Pictures are not part of the answer. Write out exactly the lines from the one containing "中華屋が5分で作ったフューチャーベースの未再生の波形" through the end of the material below.

DATA RECORDS:
========

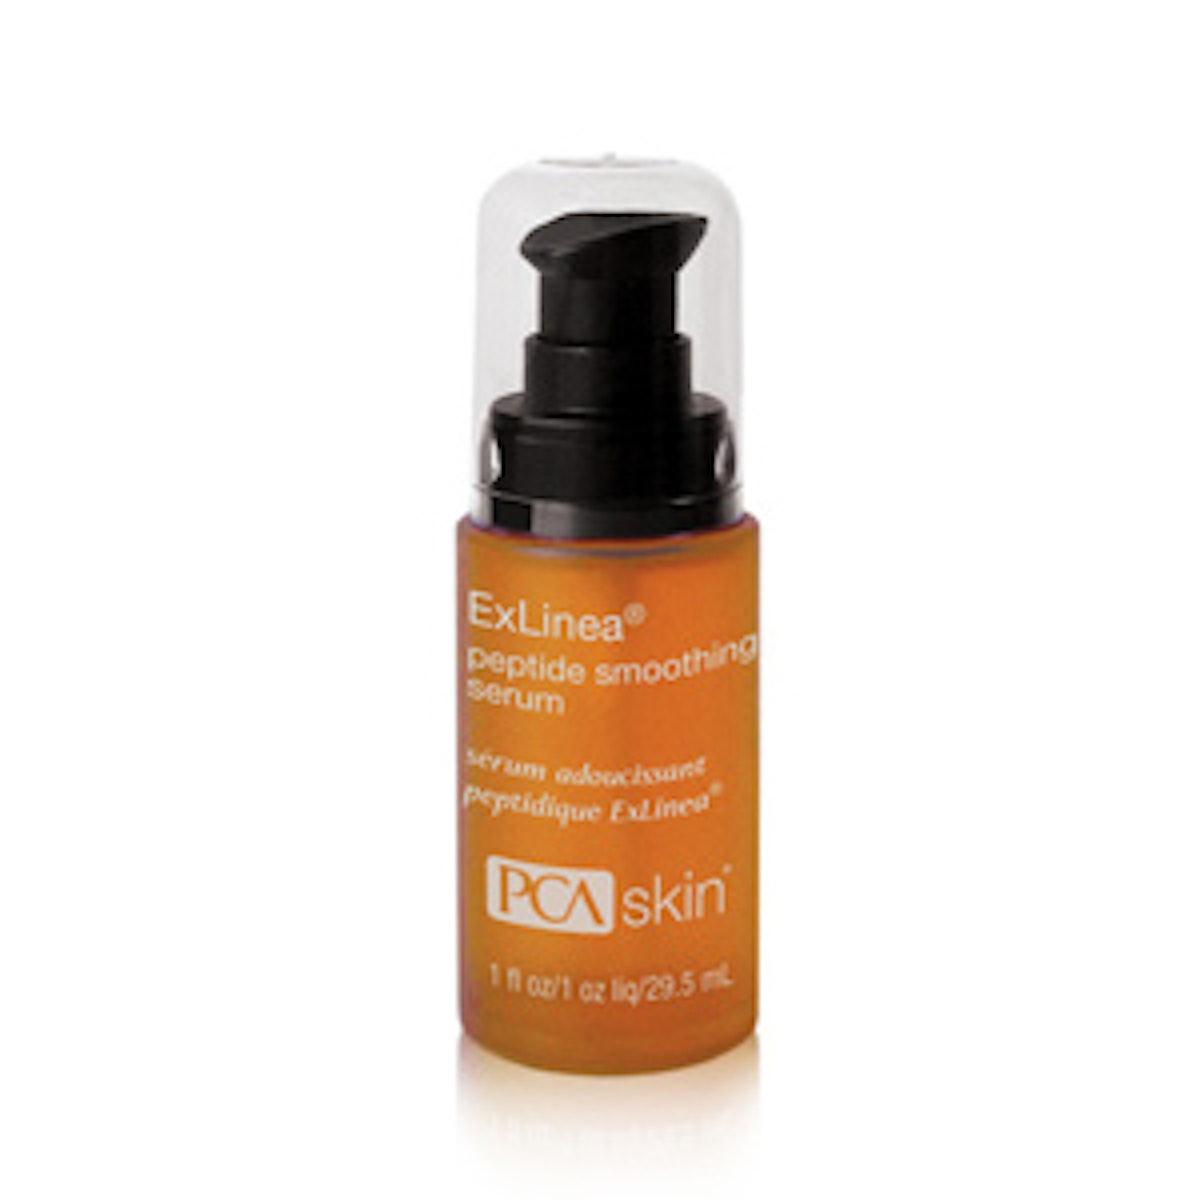 PCA Skin Peptide Smoothing Serum
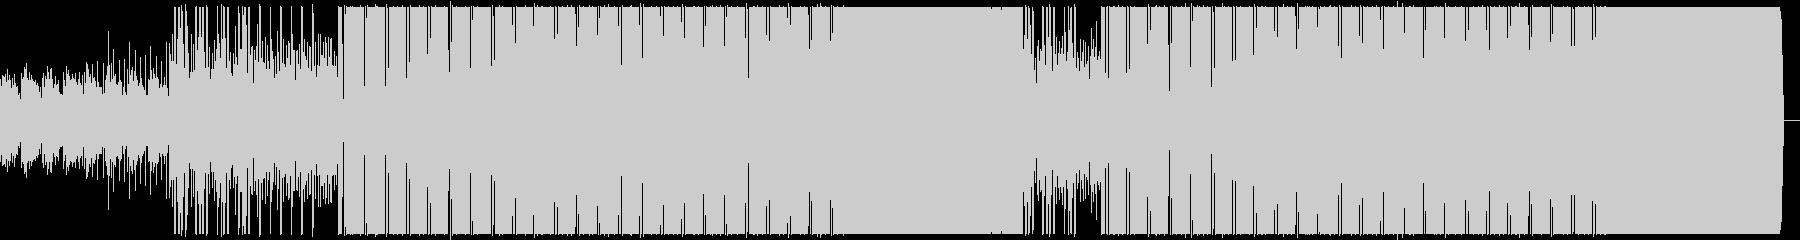 中華屋が5分で作ったフューチャーベースの未再生の波形
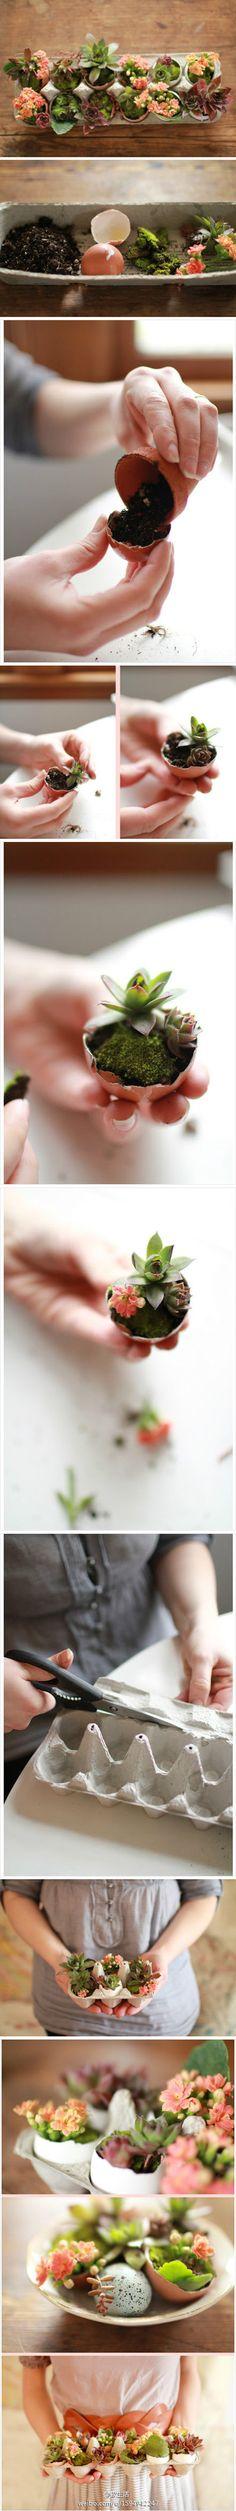 制作属于你的蛋壳花园。所需材料:盆栽土,鸡蛋壳,苔藓,多肉,花。步骤:①在空蛋壳里填入适量盆栽土②加入肉植③在土壤上方添加一层青苔④如果你喜欢,可以加枝可爱的花朵注入色彩⑤切断一个鸡蛋箱的两侧,并加入… - 堆糖 发现生活_收集美好_分享图片
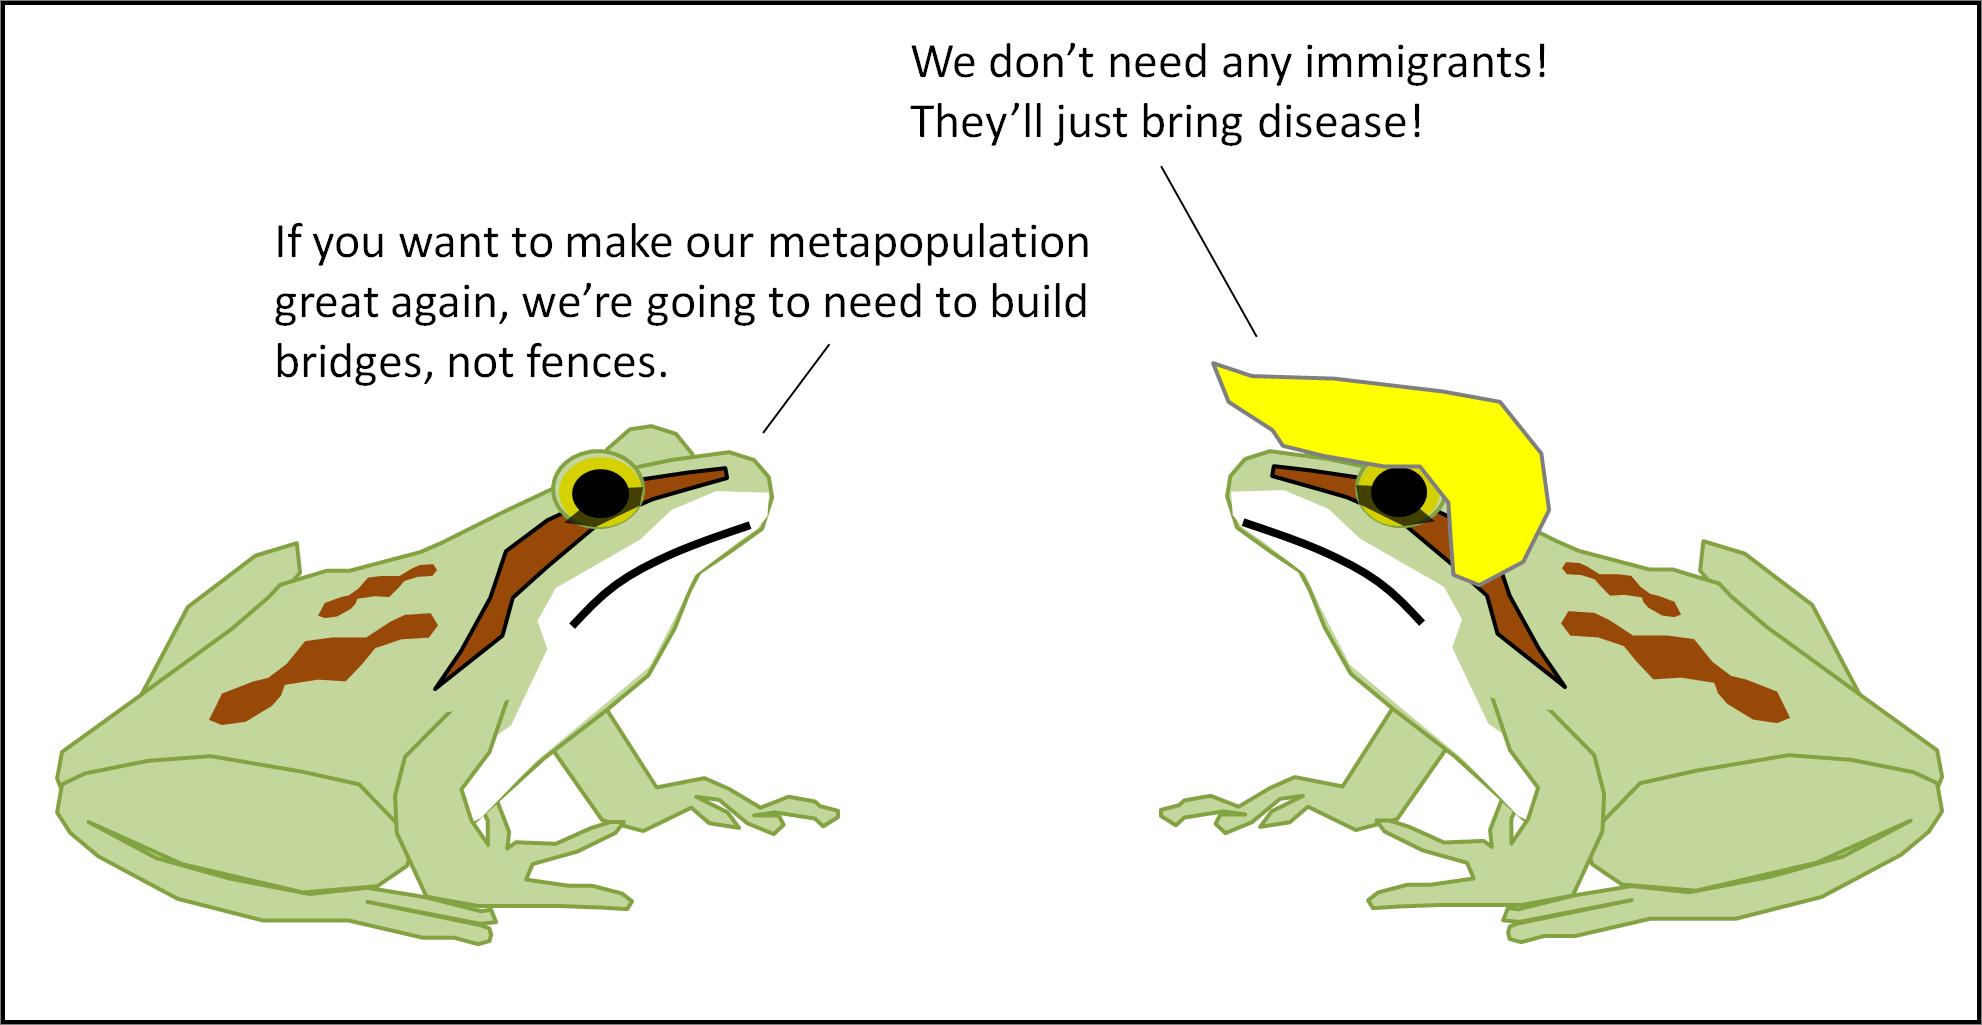 metapopulation
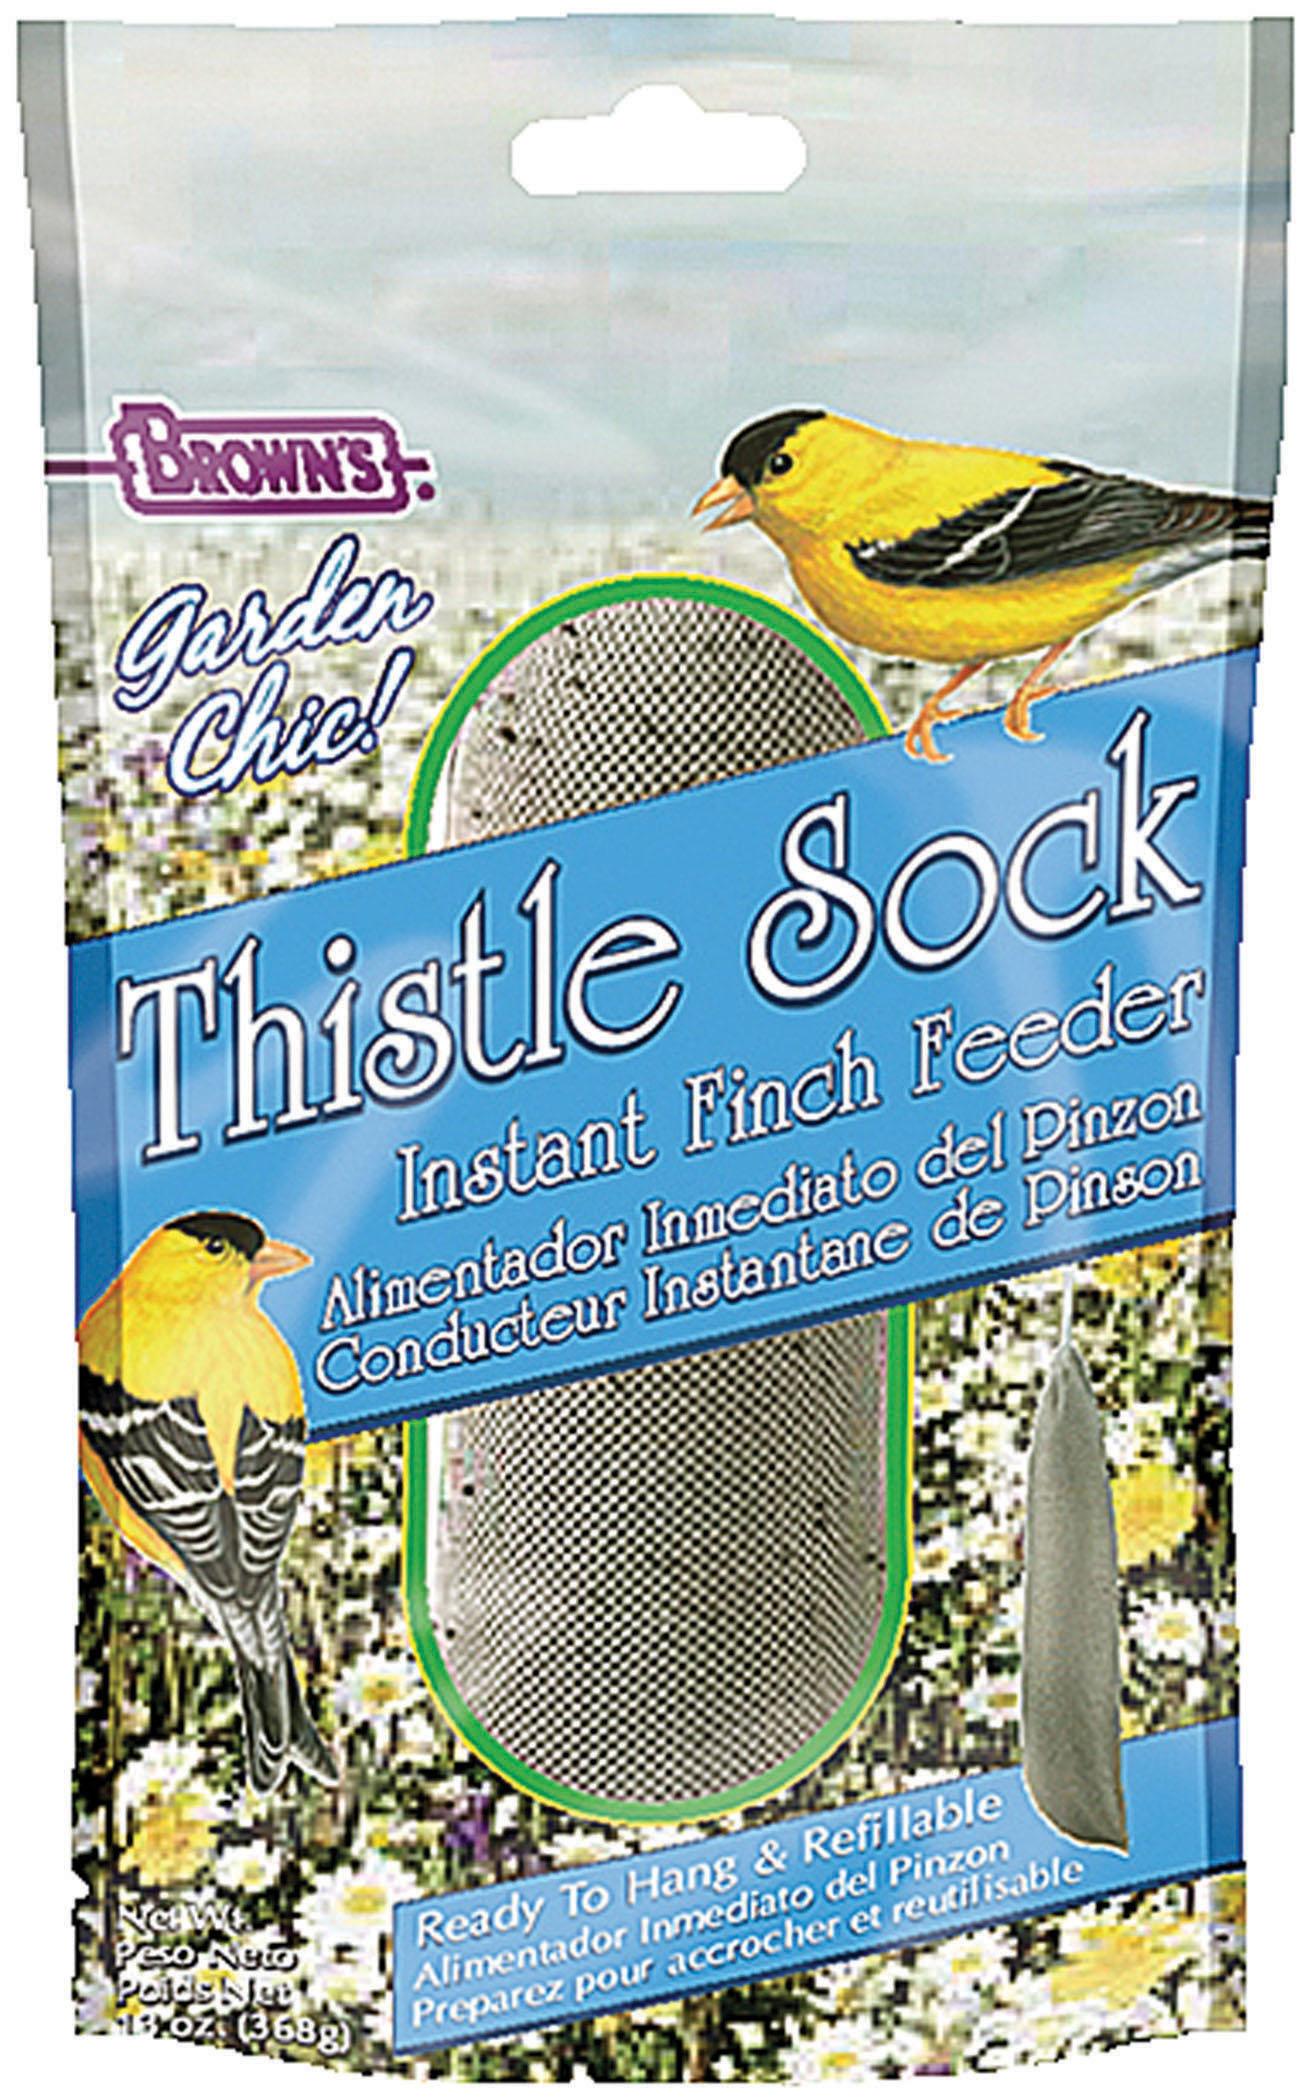 Brown's Garden Chic Thistle Sock Instant Finch Feeder, 13-oz

========

REPLY TO THE EXERCISE:
 中華屋が5分で作ったフューチャーベースの未再生の波形
 制作属于你的蛋壳花园。所需材料:盆栽土,鸡蛋壳,苔藓,多肉,花。步骤:①在空蛋壳里填入适量盆栽土②加入肉植③在土壤上方添加一层青苔④如果你喜欢,可以加枝可爱的花朵注入色彩⑤切断一个鸡蛋箱的两侧,并加入… - 堆糖 发现生活_收集美好_分享图片
 metapopulation
 Brown's Garden Chic Thistle Sock Instant Finch Feeder, 13-oz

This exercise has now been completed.